Promoting the Protection of Chinese Cultural Heritage
When were the sculptures removed from Xiangtangshan?
The objects shown in this exhibition were taken from Xiangtangshan between 1910 and about 1930. The majority passed through the hands of the Chinese art dealer C. T. Loo, who had commercial operations in Beijing, Shanghai, Paris, and New York. Other dealers handling these sculptures included Edgar Worch, based in Paris, and Yamanaka & Company, located in Kyoto and New York.
Museums in the United States, Europe, and elsewhere purchased these objects or received them as gifts between 1913 and 1952, many decades before international laws were enacted to promote the protection of cultural patrimony. The museums have conserved and shared the objects with the public for more than half a century.

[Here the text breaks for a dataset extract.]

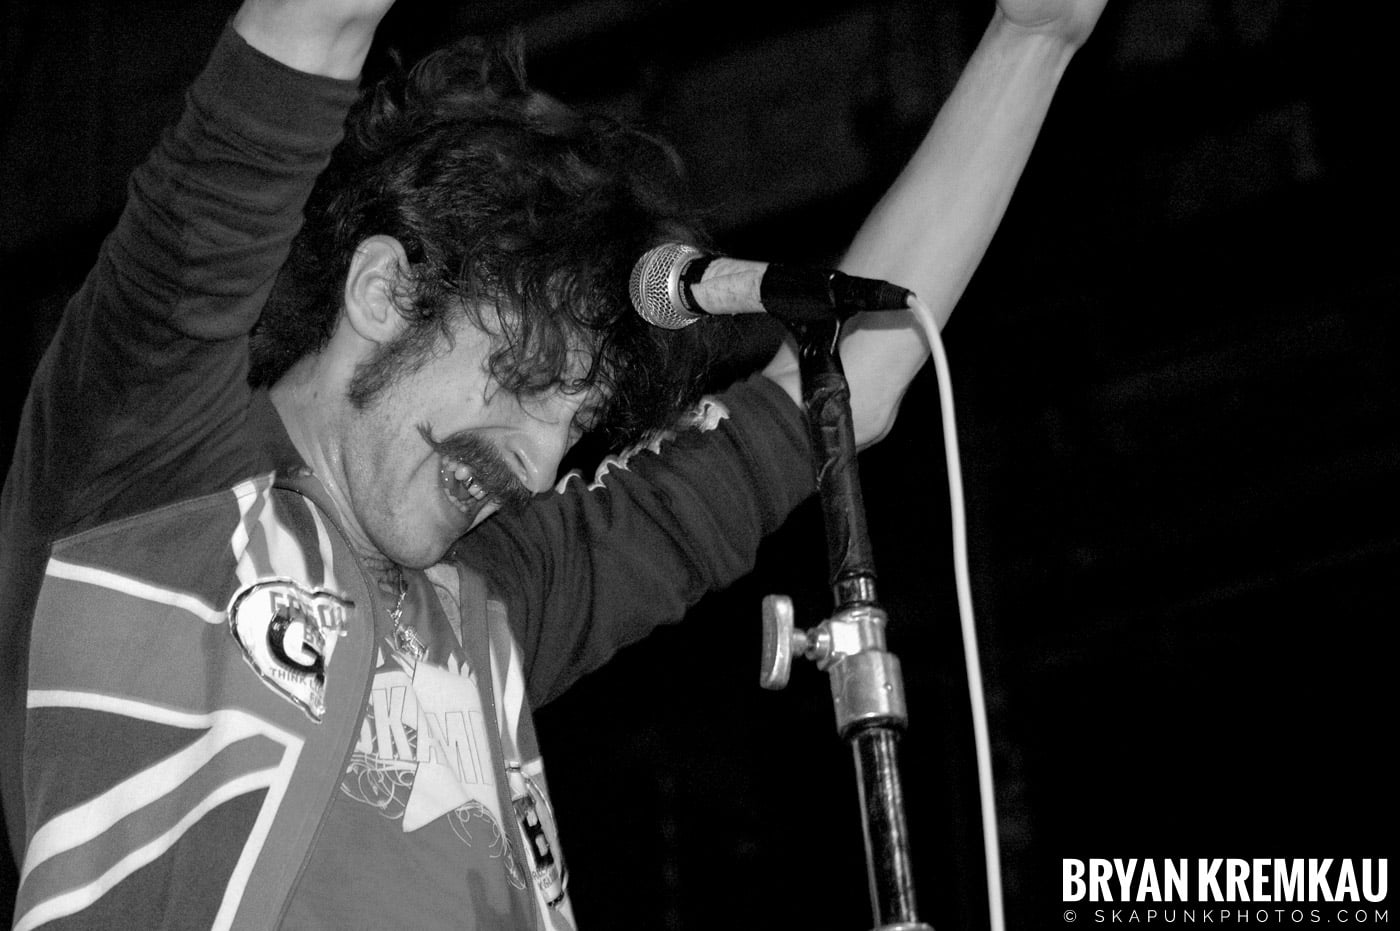 Gogol Bordello @ The Troc, Philadelphia PA - 4.15.06 (22)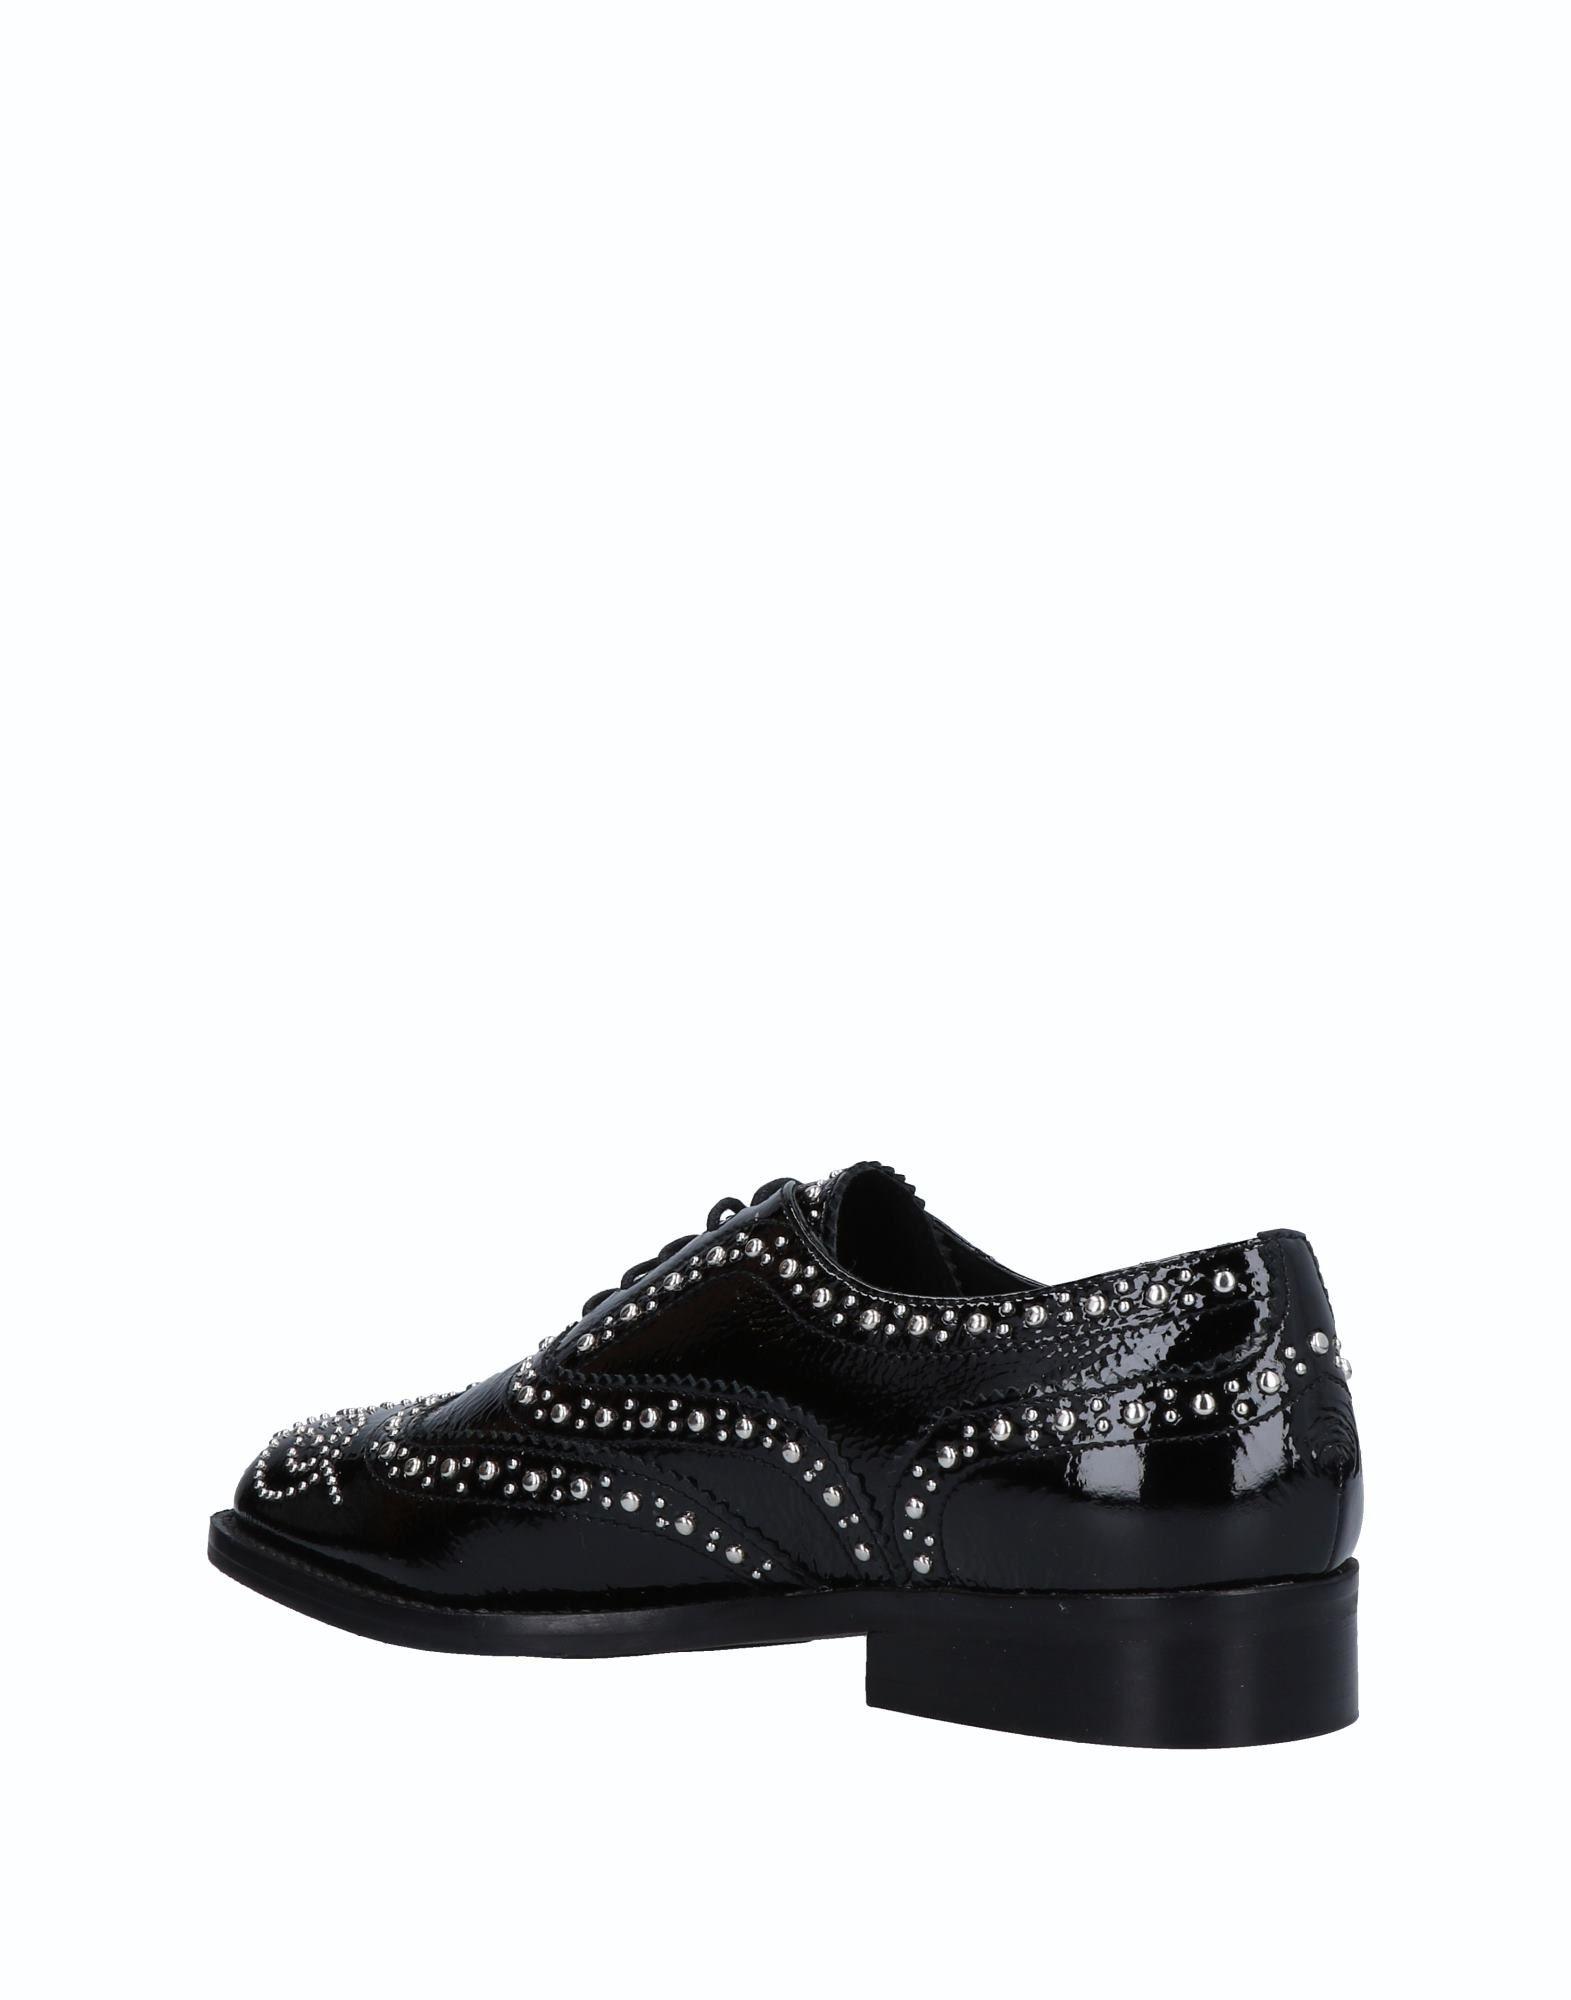 Bprivate Schnürschuhe Qualität Damen  11512699TC Gute Qualität Schnürschuhe beliebte Schuhe 1905b8

What policies and regulations are now in place to protect sites like Xiangtangshan?
In 1970, the United Nations Educational, Scientific and Cultural Organization (UNESCO) passed the first international convention to protect cultural property and prohibit its illicit sale. Along with many other countries, China, the United States, and the United Kingdom ratified this agreement, which forbids the acquisition or display of works illegally removed from their nation of origin after 1970.
What work is underway to preserve Xiangtangshan?
While they are still active sites of Buddhist worship, the Xiangtangshan caves are governed by the Fengfeng Mining District Office for Protection and Management of Cultural Properties. This supervisory government agency—responsible for protecting, documenting, and restoring the caves—actively contributed to this exhibition.